RECORDED DATA section start

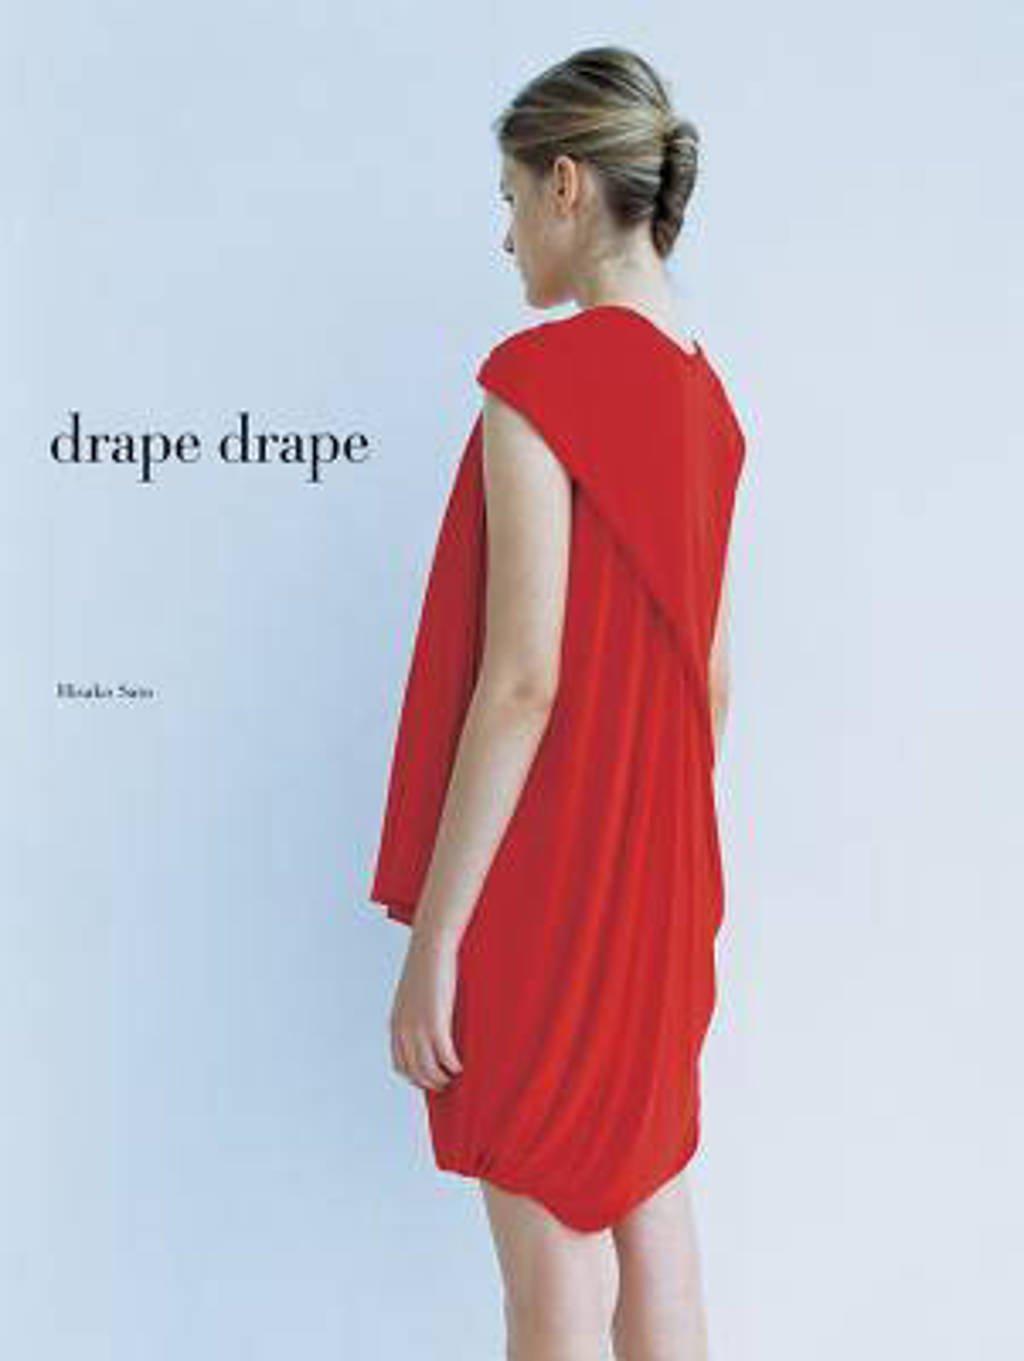 Drape Drape - Sato, Hisako
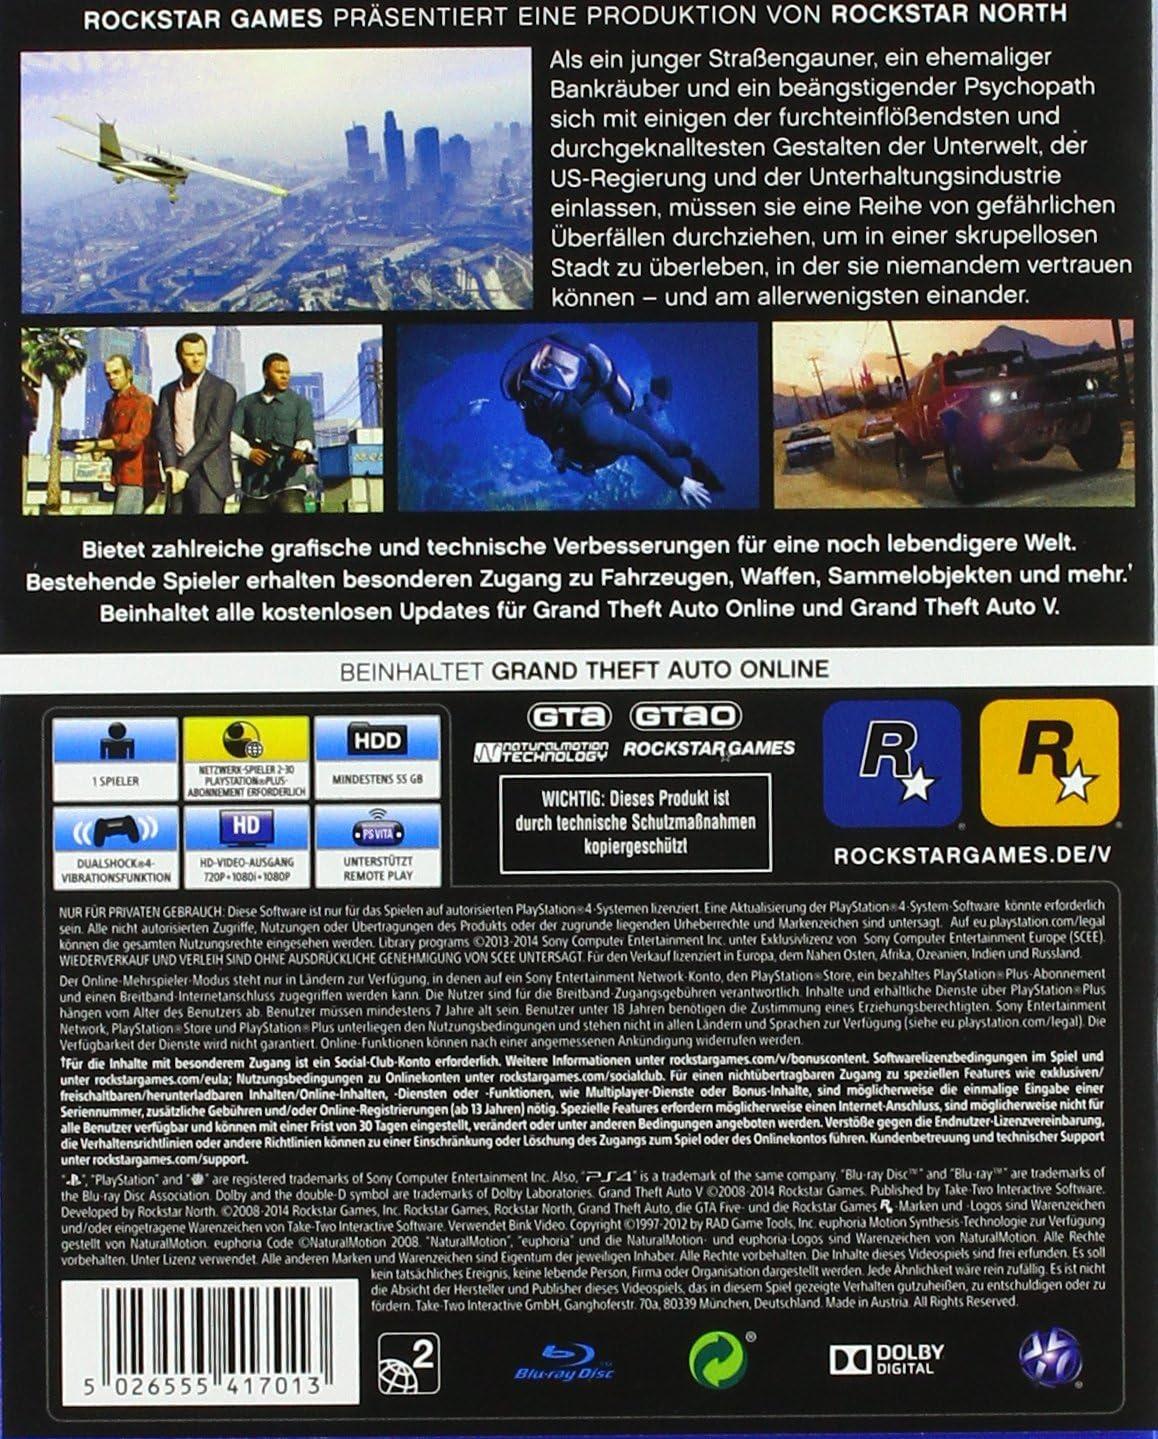 Amazon.com: GRAND THEFT AUTO 5 (GTA5): Video Games
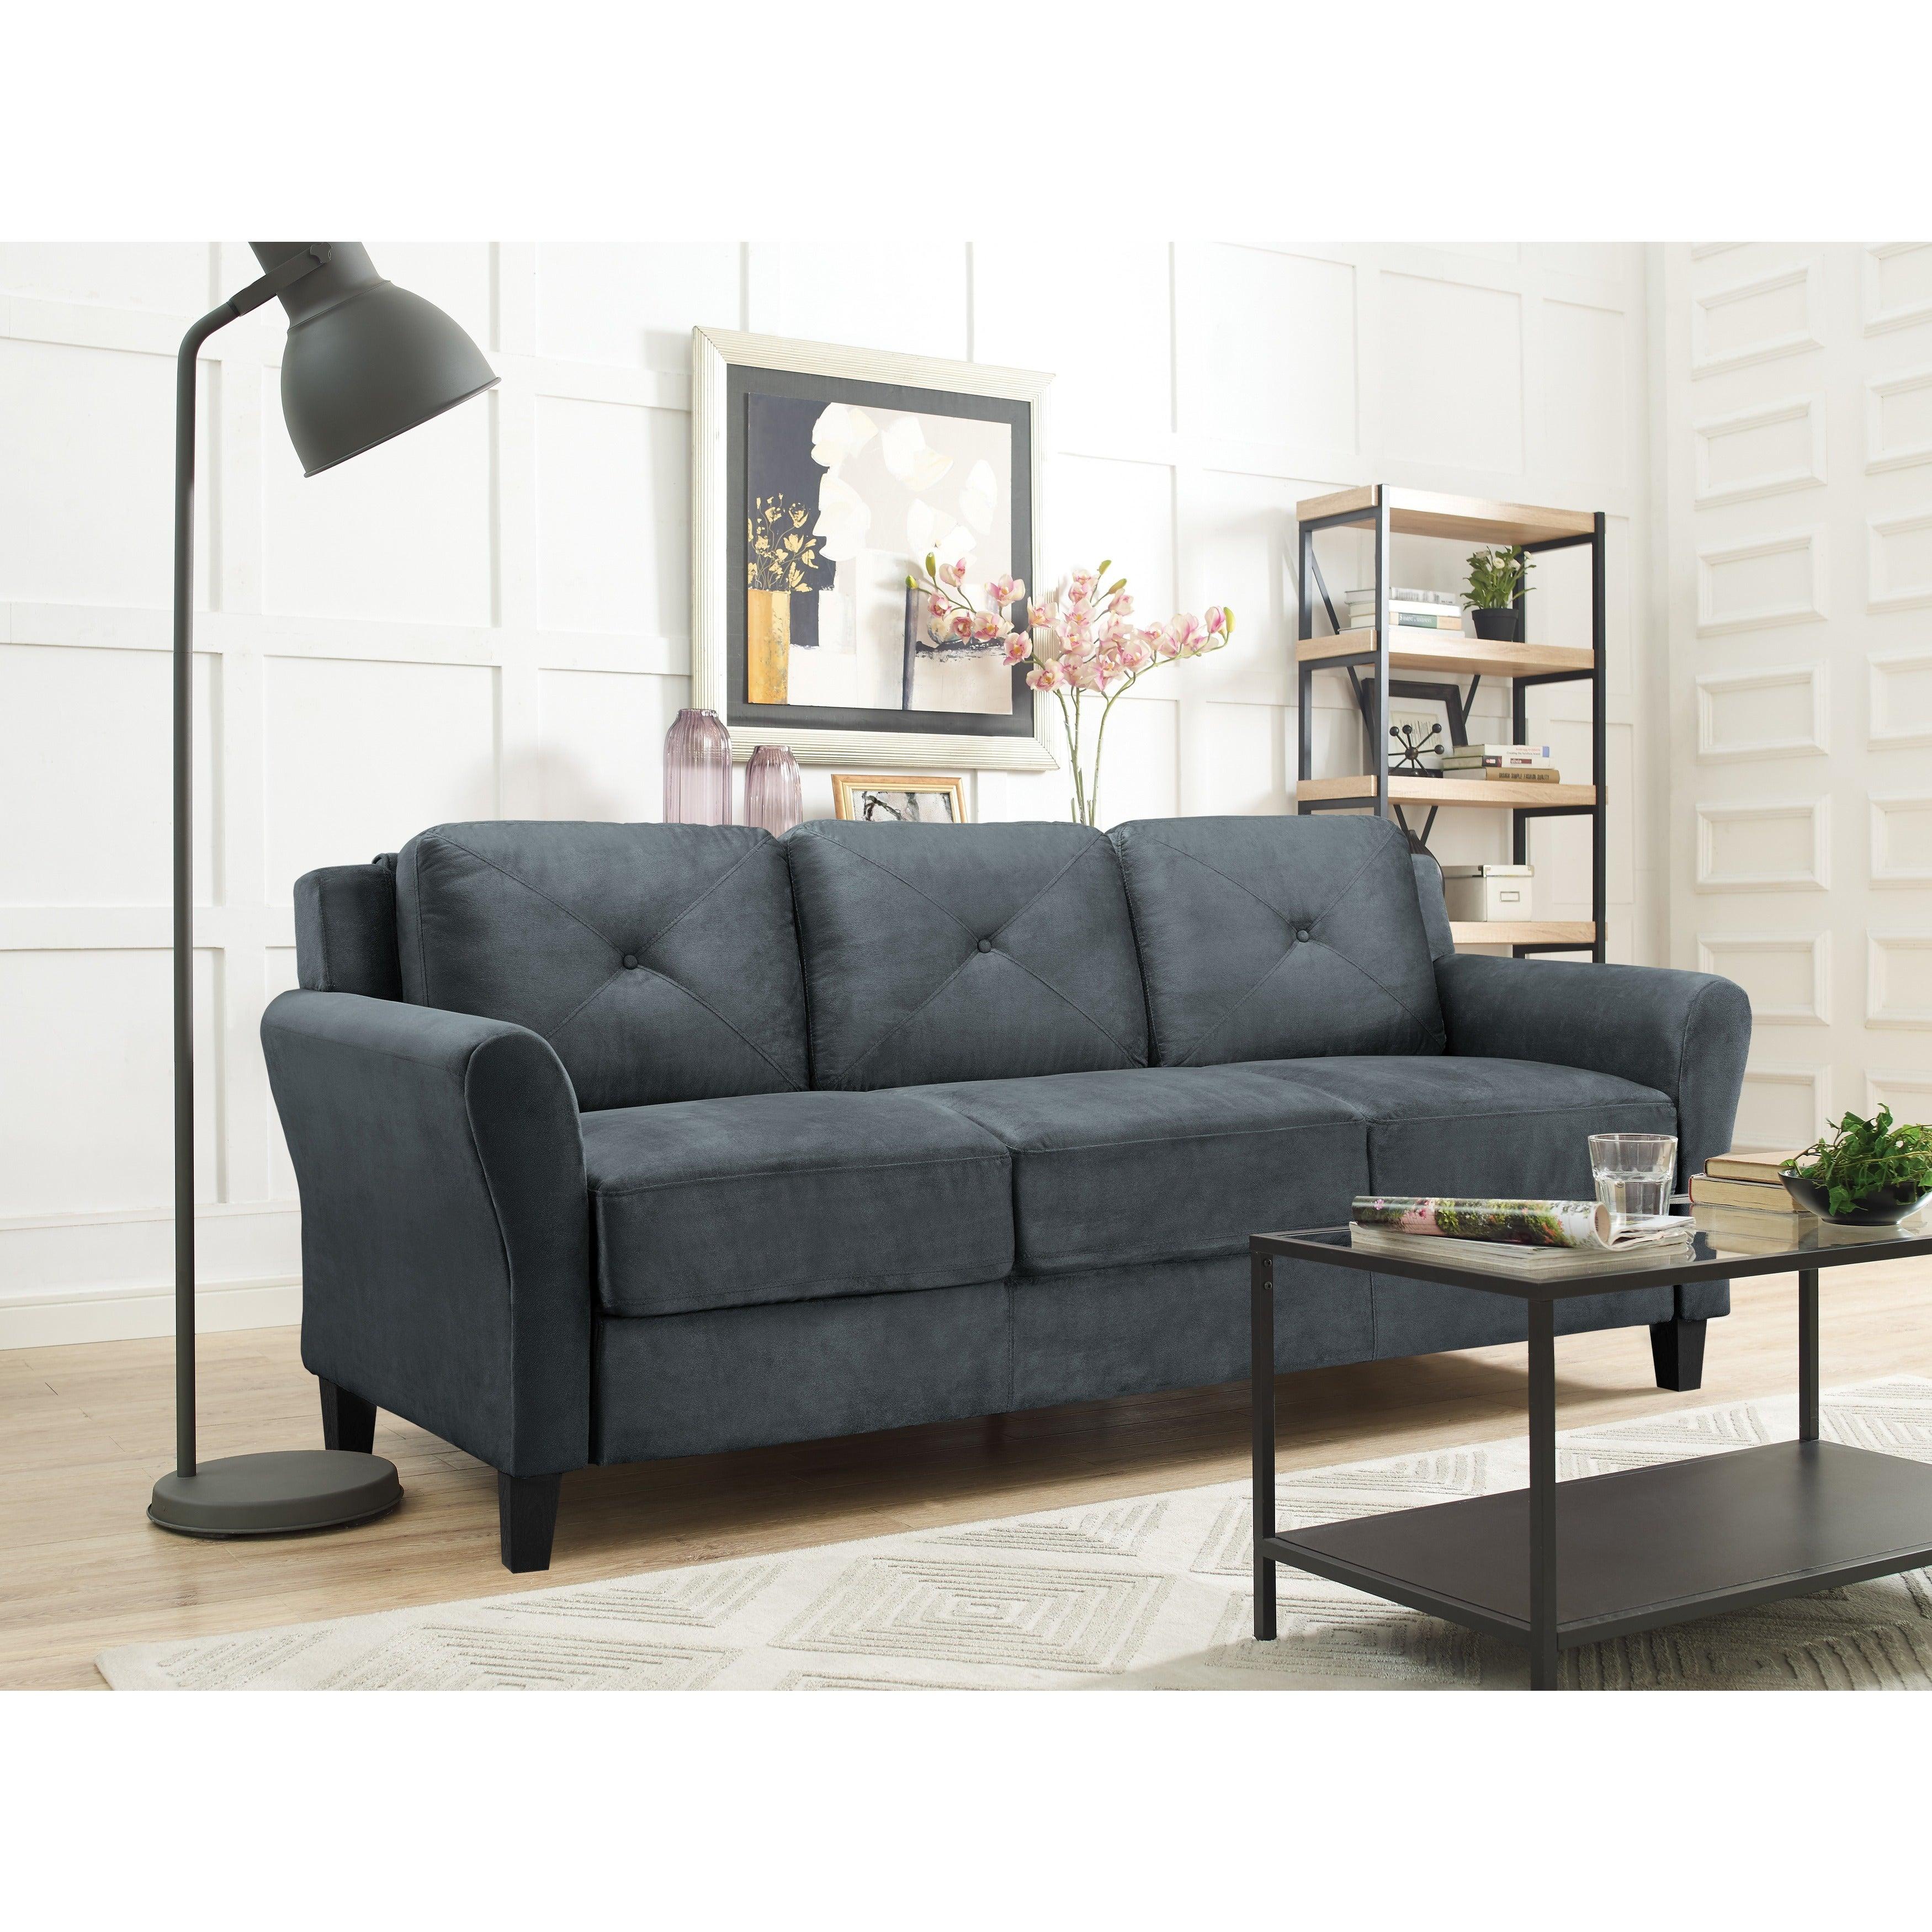 sofa details room furniture itm convertible guest seat love bed microfiber living sleeper

RECORDED DATA section end

**WHAT IS EXPECTED:**
Output all the material above exactly once more, leaving every picture out.

**EXERCISE OUTPUT:**
 Drape Drape - Sato, Hisako
 Amazon.com: GRAND THEFT AUTO 5 (GTA5): Video Games
 sofa details room furniture itm convertible guest seat love bed microfiber living sleeper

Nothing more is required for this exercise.